April 8, 2019 -- For some cancer patients who must travel long distances to get treatment, the journey has become a little easier.
Help is available from Airbnb's Open Homes for Medical Stays program, which was launched during the Biden Cancer Initiative Summit last year in New York City. The program allows hosts to open their homes free of charge to people who are traveling for critical medical treatment or respite.
Now, Airbnb has collaborated with two new partners: the Bone Marrow & Cancer Foundation and the Cancer Support Community, organizations that support critically ill patients. Both groups will now have access to free housing through the Open Homes program.
At times when a home may not be available right away, Airbnb is donating over $1.2 million in grants to the two organizations to help patients and their families pay for housing when traveling for treatment. So far, about 2,000 patients have gotten housing through the initiative.
"The Cancer Support Community fields thousands of calls from individuals who are struggling to cover the cost of traveling for treatments, scans, clinical trials, and other medically necessary care," Cancer Support Community CEO Kim Thiboldeaux said in a news release. "This grant from Airbnb is a game-changer for these patients and caregivers -- and you can hear the relief and gratitude in their voices as they learn about the free housing from the Airbnb community."

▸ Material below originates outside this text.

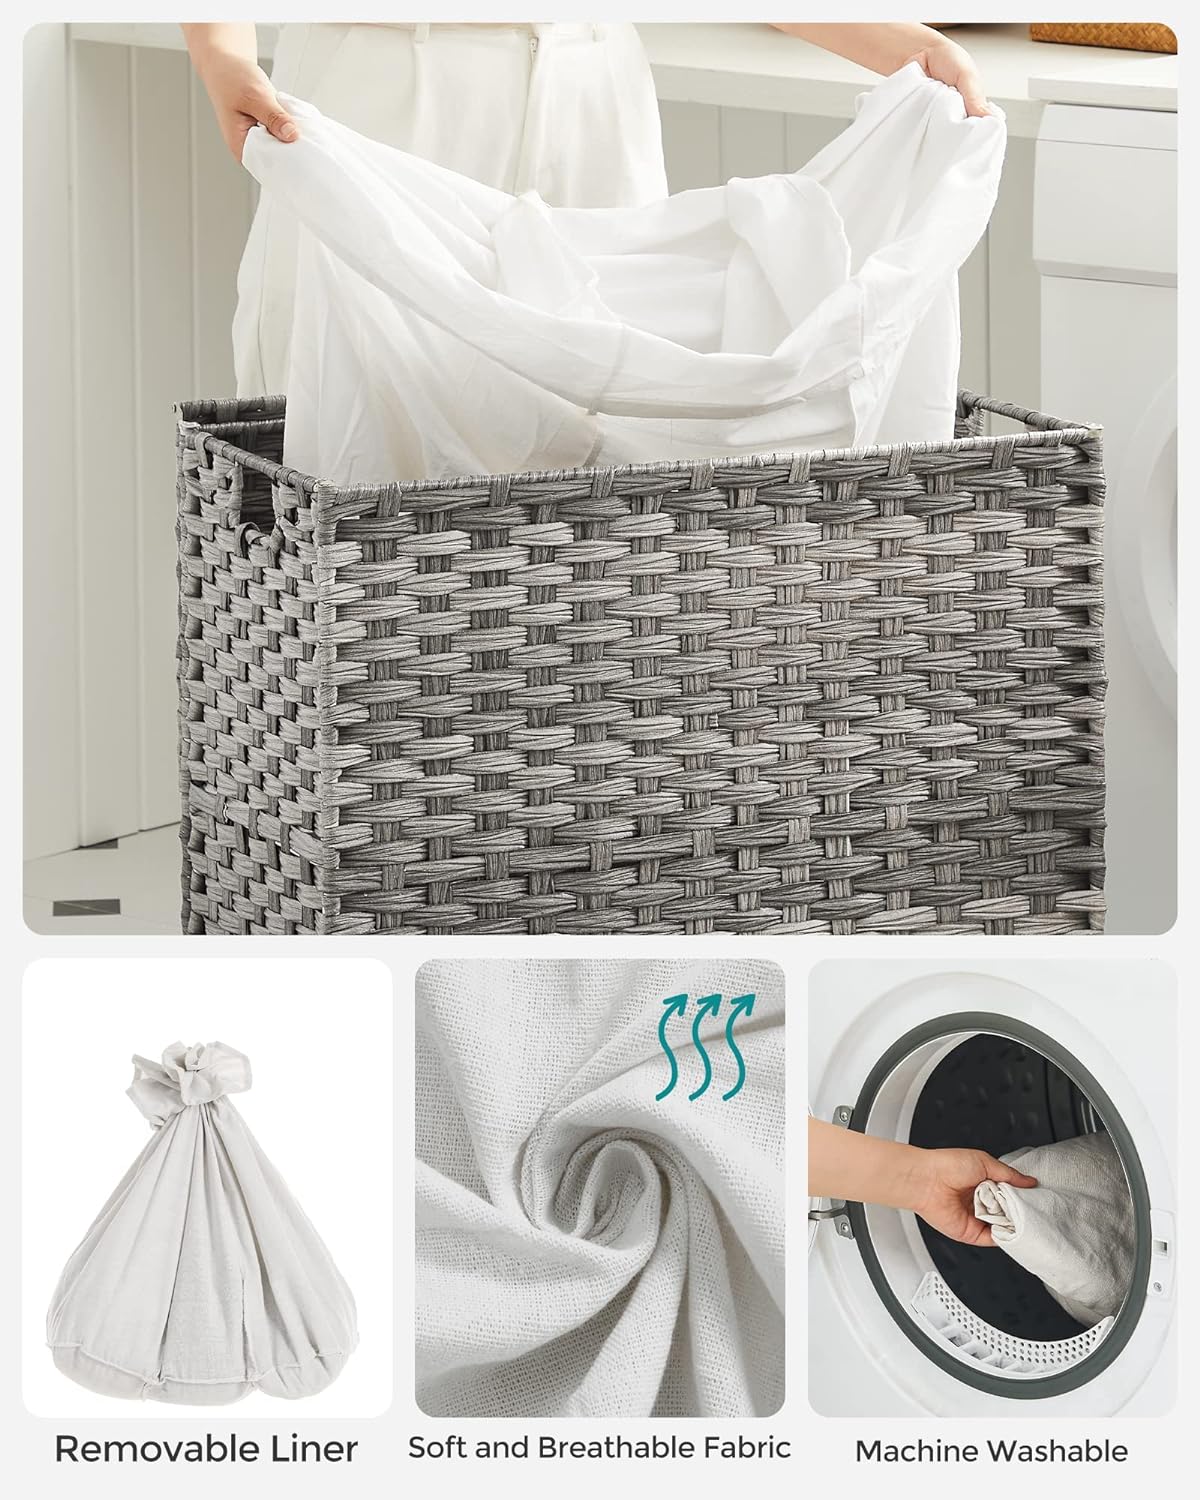 SONGMICS Laundry Hamper with Lid and Wheels 140L Grey

To be eligible for free housing, patients must meet certain geographic and economic guidelines.
They must travel at least 100 miles for treatments, scans, clinical trials, and other medically necessary care. They also must meet annual income rules, which vary by household size. For example, for a household of two people, the gross family income cannot exceed $49,380. They must also verify the need for treatment and have the application signed by an oncologist, nurse, or medical social worker.
The medical stays program is part of the larger Open Homes initiative, which helps find temporary housing for vulnerable communities around the world. The idea originated in 2012 in New York City after Hurricane Sandy, when hosts offered free housing to people who were evacuated.

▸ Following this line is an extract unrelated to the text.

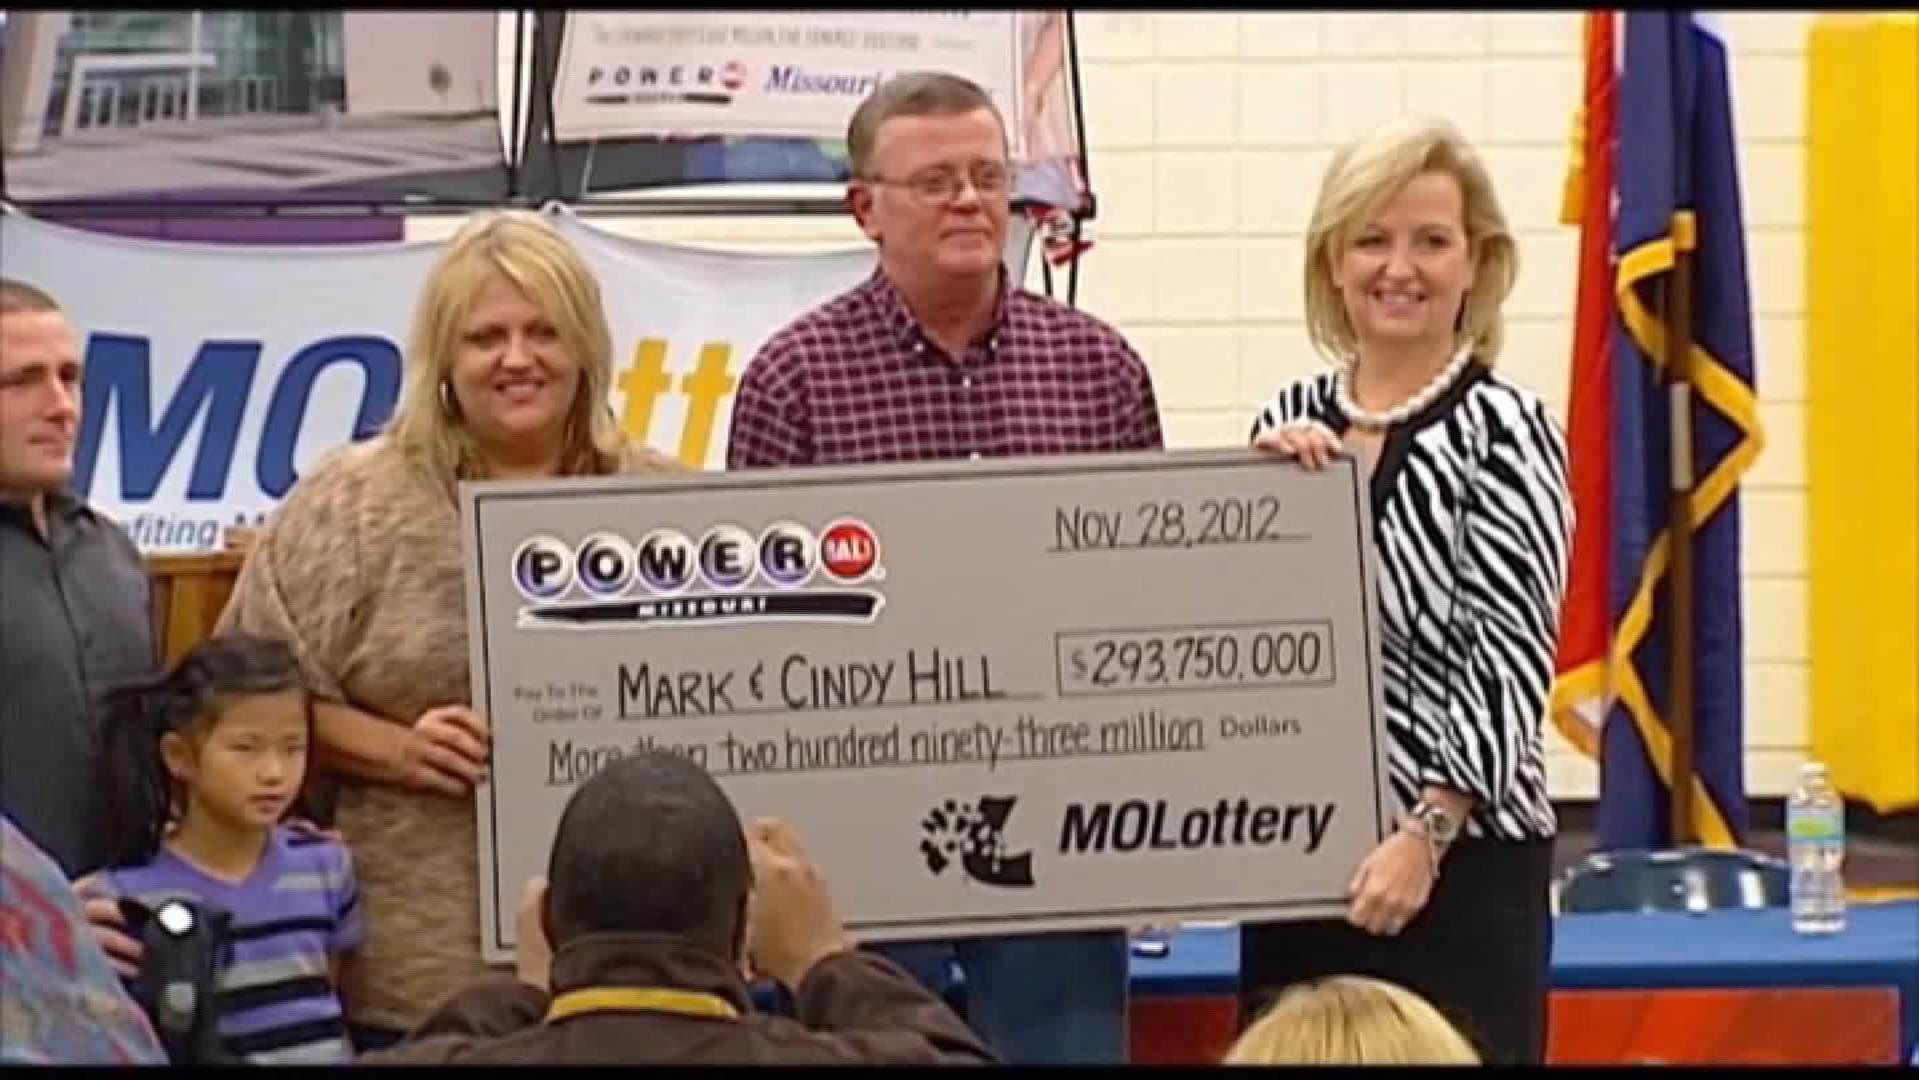 Mark and Cindy Hill built a generous gift for their small town in Missouri.

"We know that the cost of temporary accommodations can be a major barrier to receiving treatment for critical illnesses," said Joe Gebbia, co-founder and chief product officer of Airbnb. "Since launching our medical stays program 6 months ago, our team has helped connect thousands of patients with our generous host community to give them homes where they can rest and recuperate."
Airbnb has a goal of temporarily housing 100,000 people in need by 2022.